◆ Try it:
Within the entries below, please return exactly the lines from the one with "Celine Large Strap" through the one with "Series G2040 Differential", leaving out any pictures.
____ Material to process
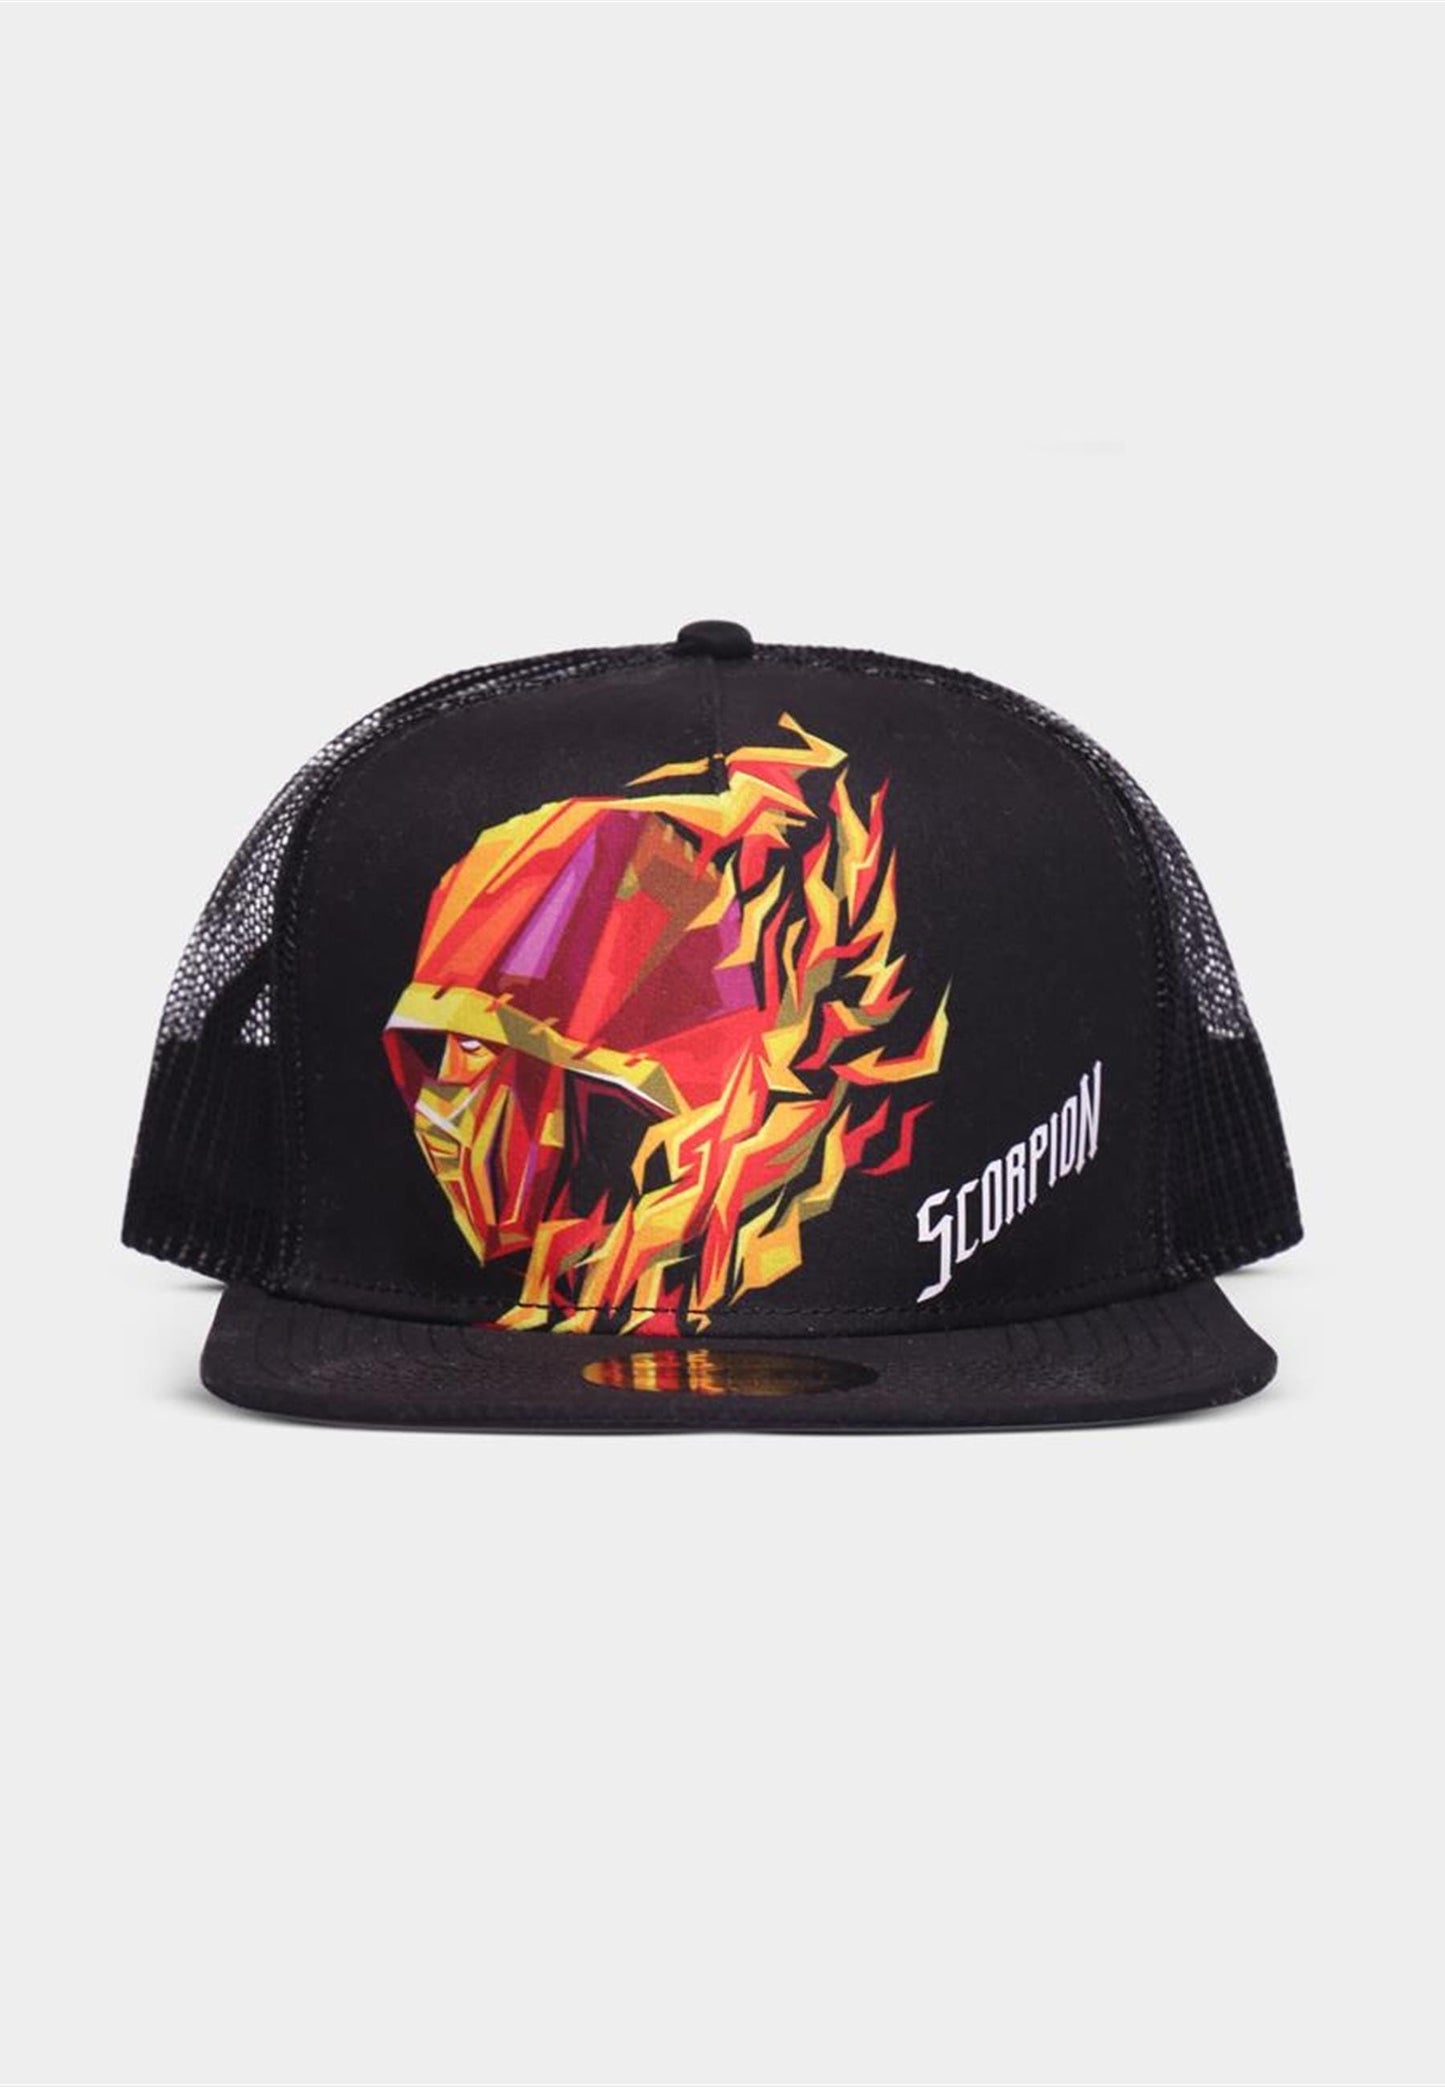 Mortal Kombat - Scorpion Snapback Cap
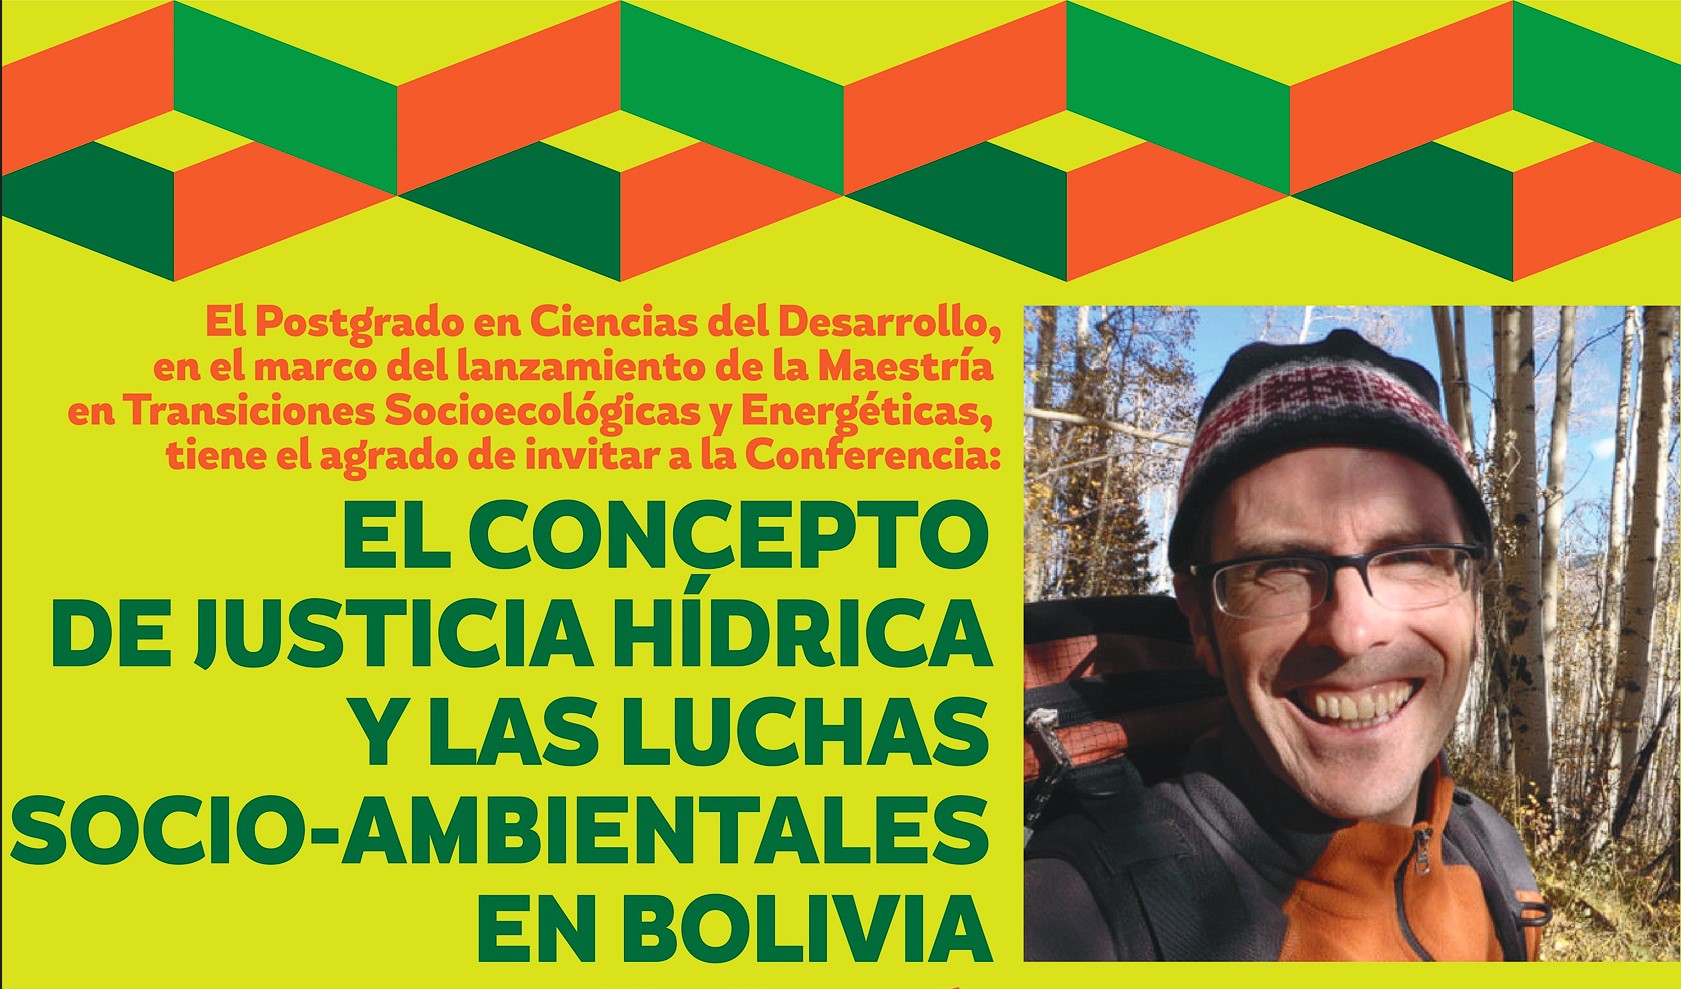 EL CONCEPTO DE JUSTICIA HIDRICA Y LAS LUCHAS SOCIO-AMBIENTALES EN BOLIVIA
________
____ Material to process
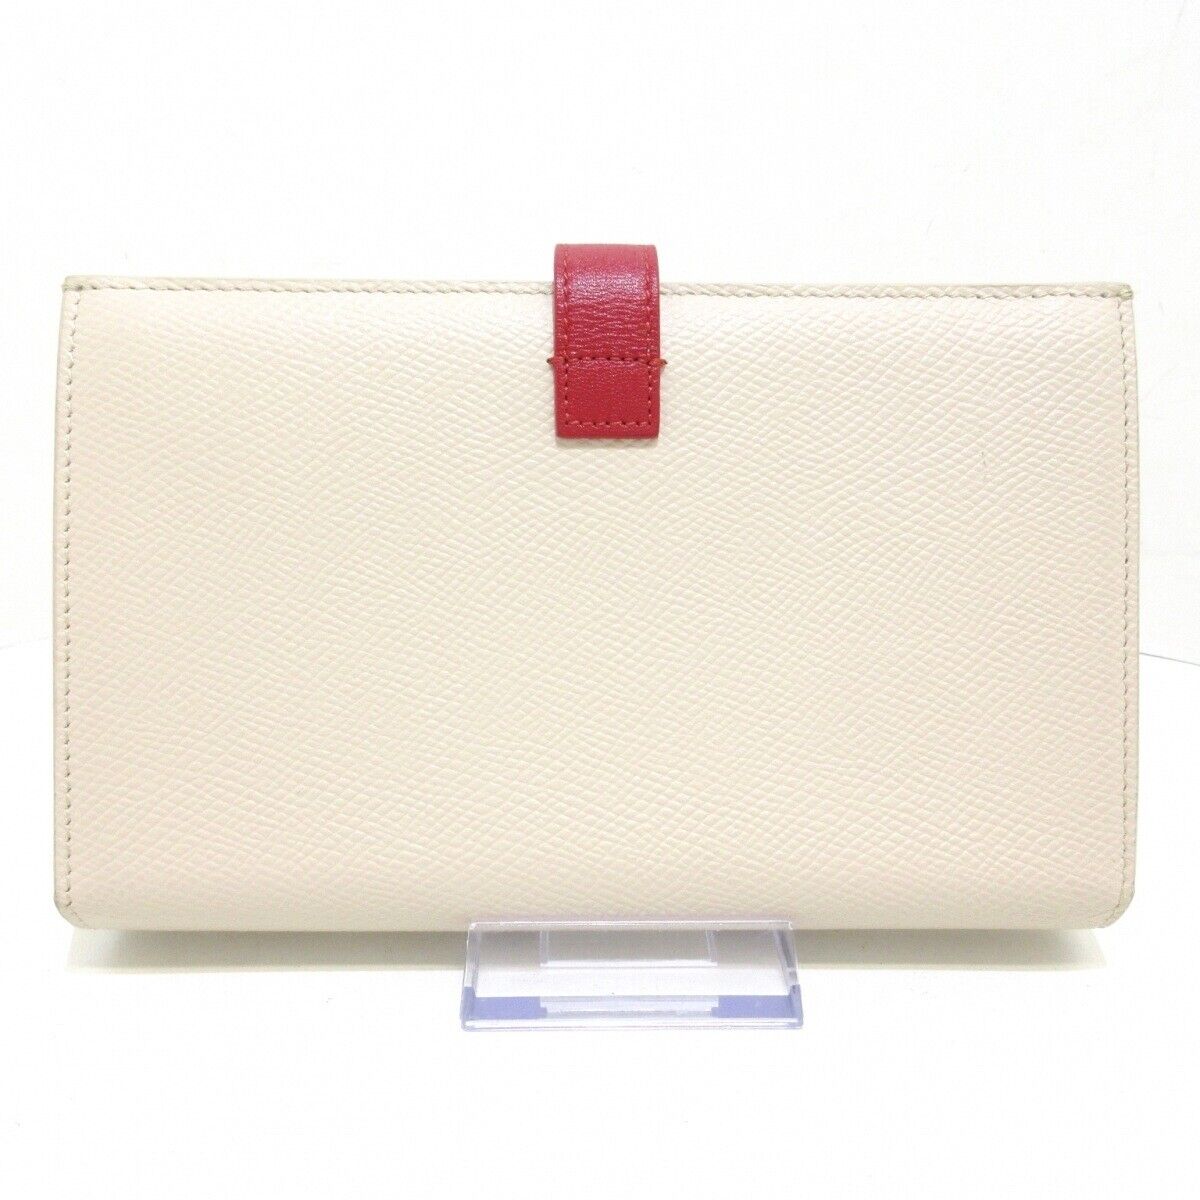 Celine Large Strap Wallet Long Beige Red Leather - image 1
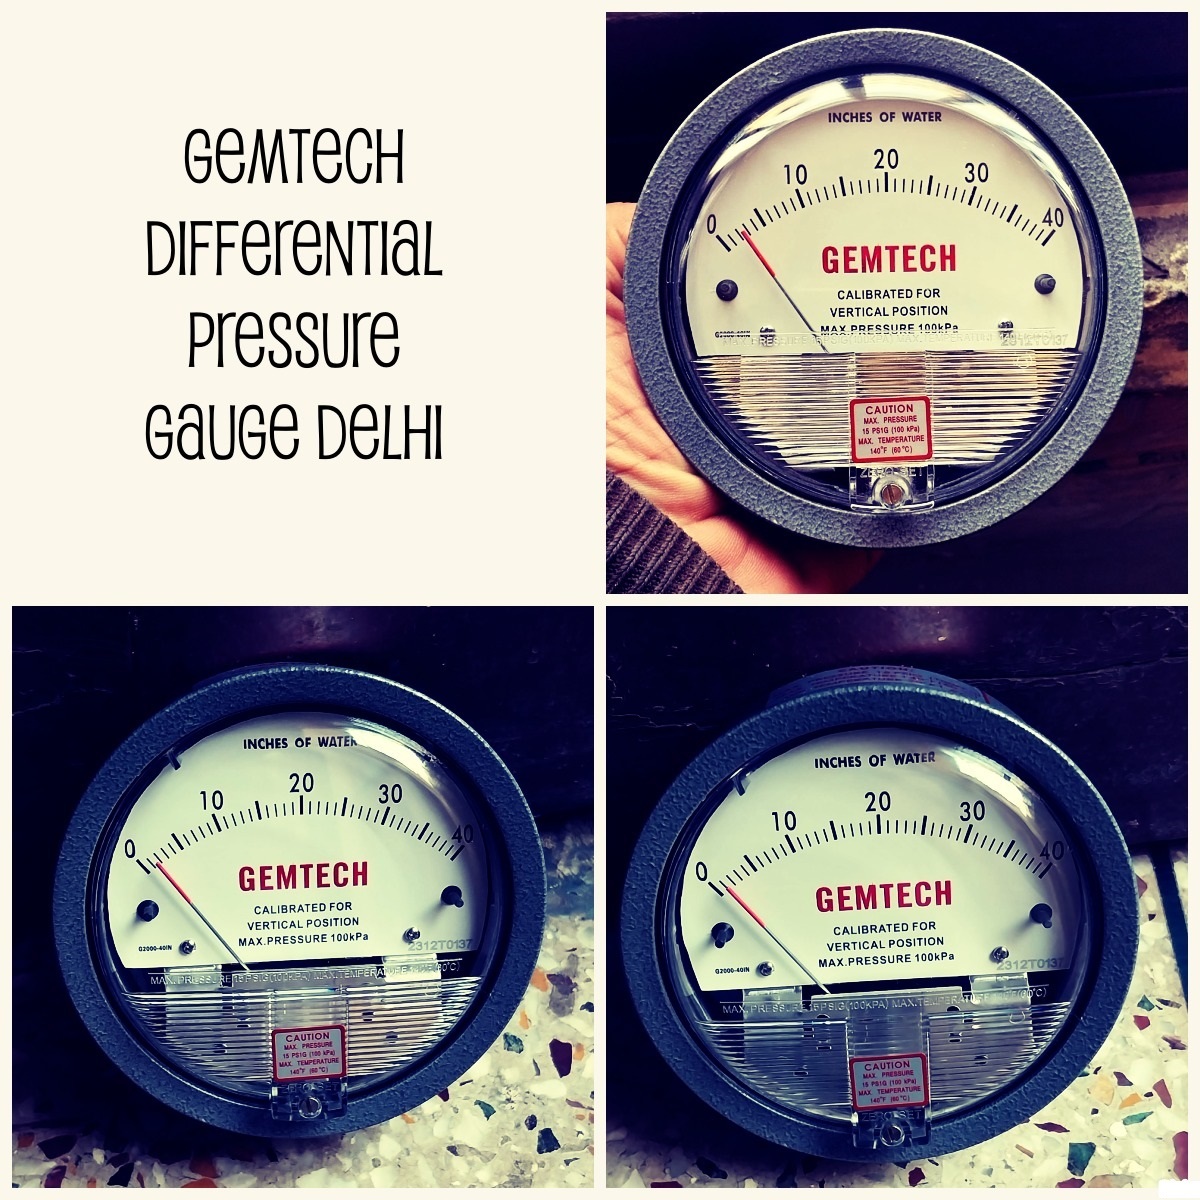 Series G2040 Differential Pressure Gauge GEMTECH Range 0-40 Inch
________
____ Material to process
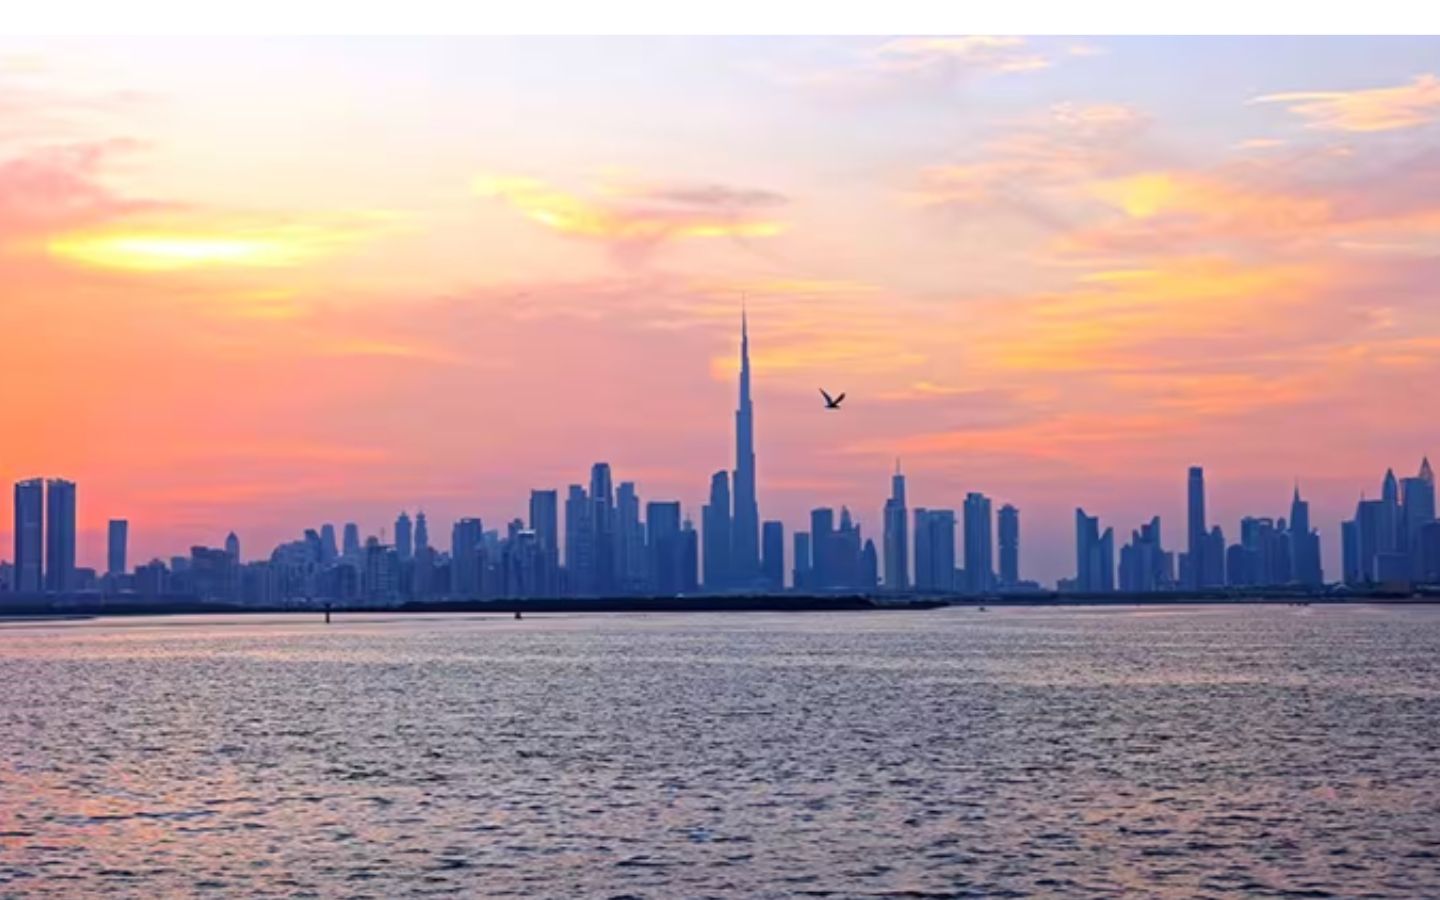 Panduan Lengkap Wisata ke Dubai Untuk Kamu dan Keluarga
________
◆ Written answer:
 Celine Large Strap Wallet Long Beige Red Leather - image 1
 Series G2040 Differential Pressure Gauge GEMTECH Range 0-40 Inch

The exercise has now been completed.